- _What to produce_
Since the listing below shows pictures, leave them out and write out exactly the lines from the line with "La silueta de" to the line with "Neue Justiz (NJ), Zeitschrift", both included, and no others.

- _Records supplied_

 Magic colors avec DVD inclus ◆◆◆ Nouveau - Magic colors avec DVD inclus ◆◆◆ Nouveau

* * *

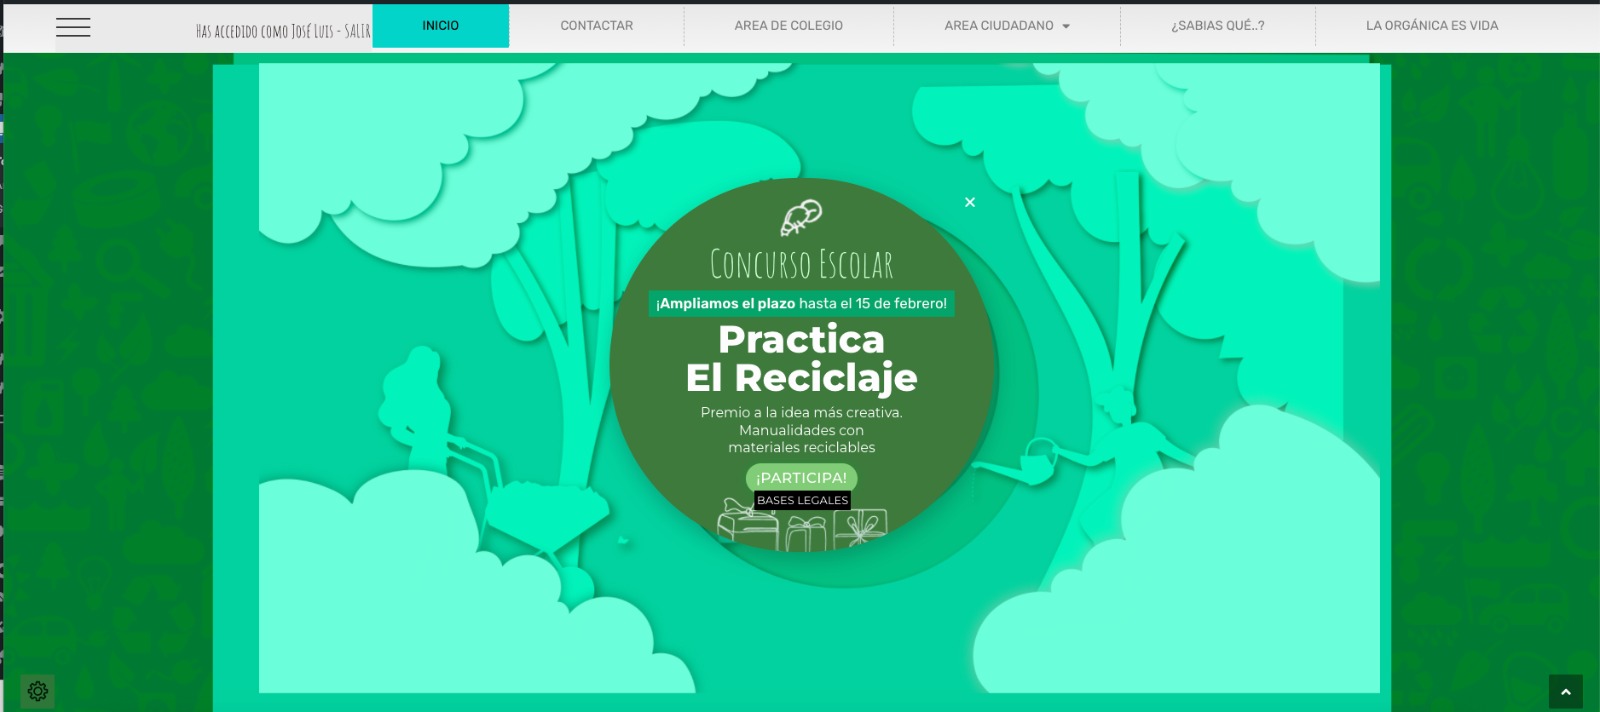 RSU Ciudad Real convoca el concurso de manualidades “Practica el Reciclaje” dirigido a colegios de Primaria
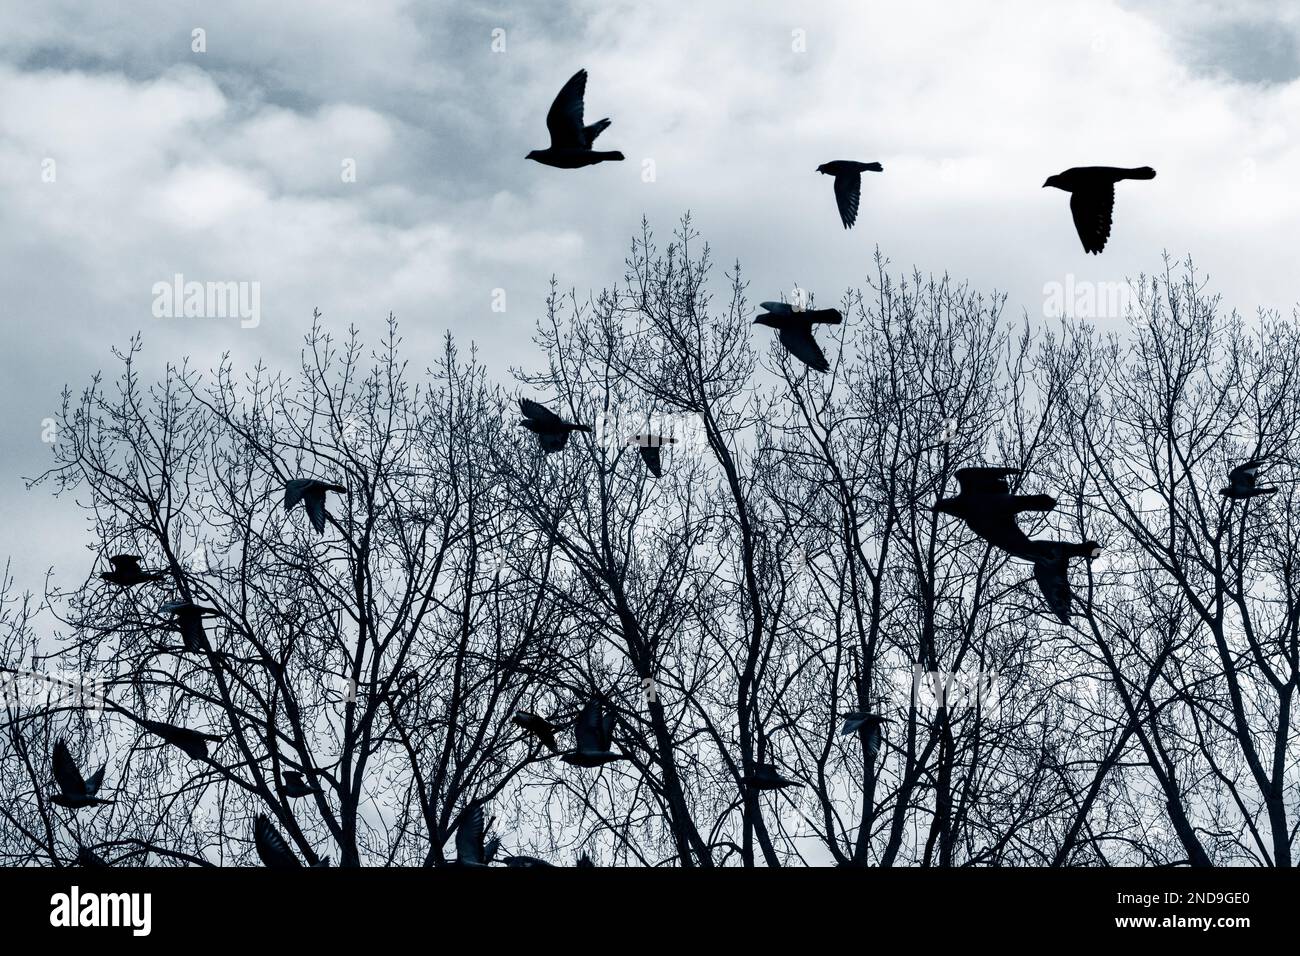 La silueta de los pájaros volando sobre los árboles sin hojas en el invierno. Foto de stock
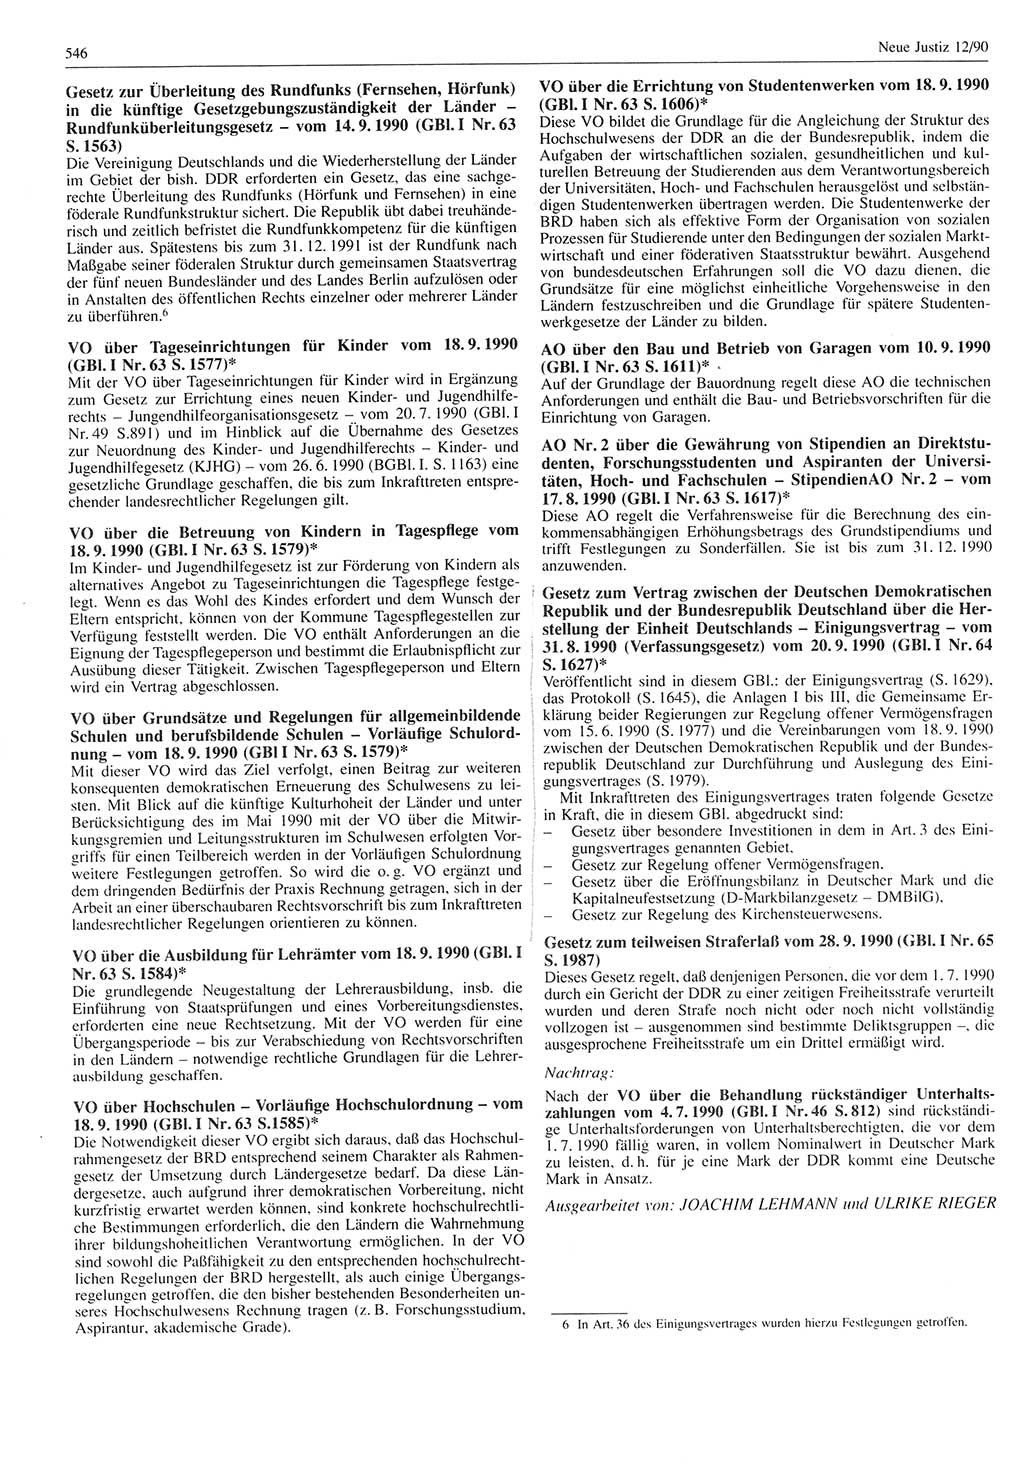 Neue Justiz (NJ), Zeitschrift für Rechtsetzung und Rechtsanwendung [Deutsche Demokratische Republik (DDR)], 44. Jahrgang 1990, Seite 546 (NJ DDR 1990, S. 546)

* * *

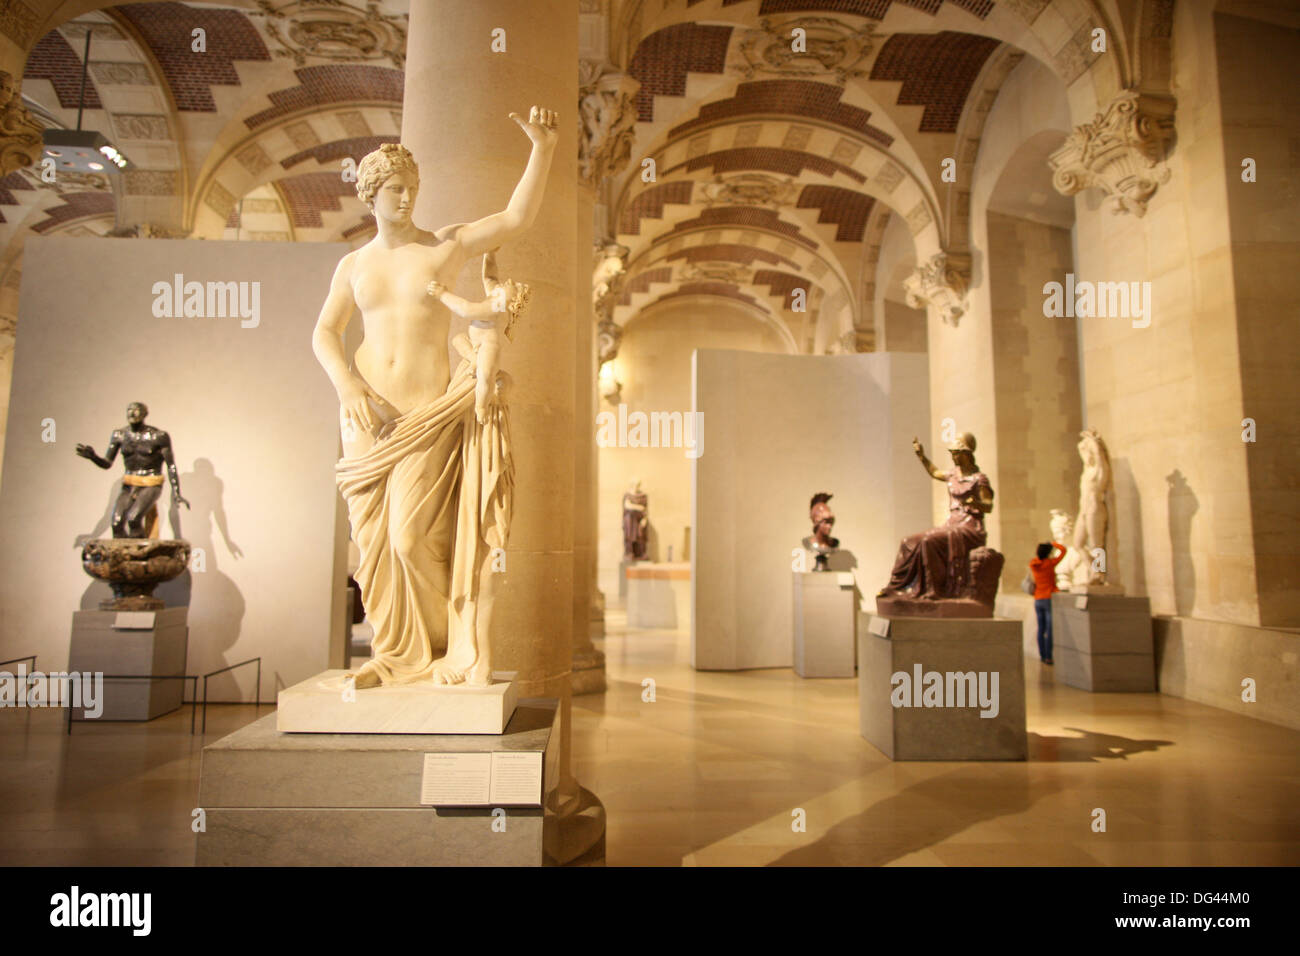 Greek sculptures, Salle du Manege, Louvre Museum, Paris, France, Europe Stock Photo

- _Response for this exercise_
 La silueta de los pájaros volando sobre los árboles sin hojas en el invierno. Foto de stock
 Neue Justiz (NJ), Zeitschrift für Rechtsetzung und Rechtsanwendung [Deutsche Demokratische Republik (DDR)], 44. Jahrgang 1990, Seite 546 (NJ DDR 1990, S. 546)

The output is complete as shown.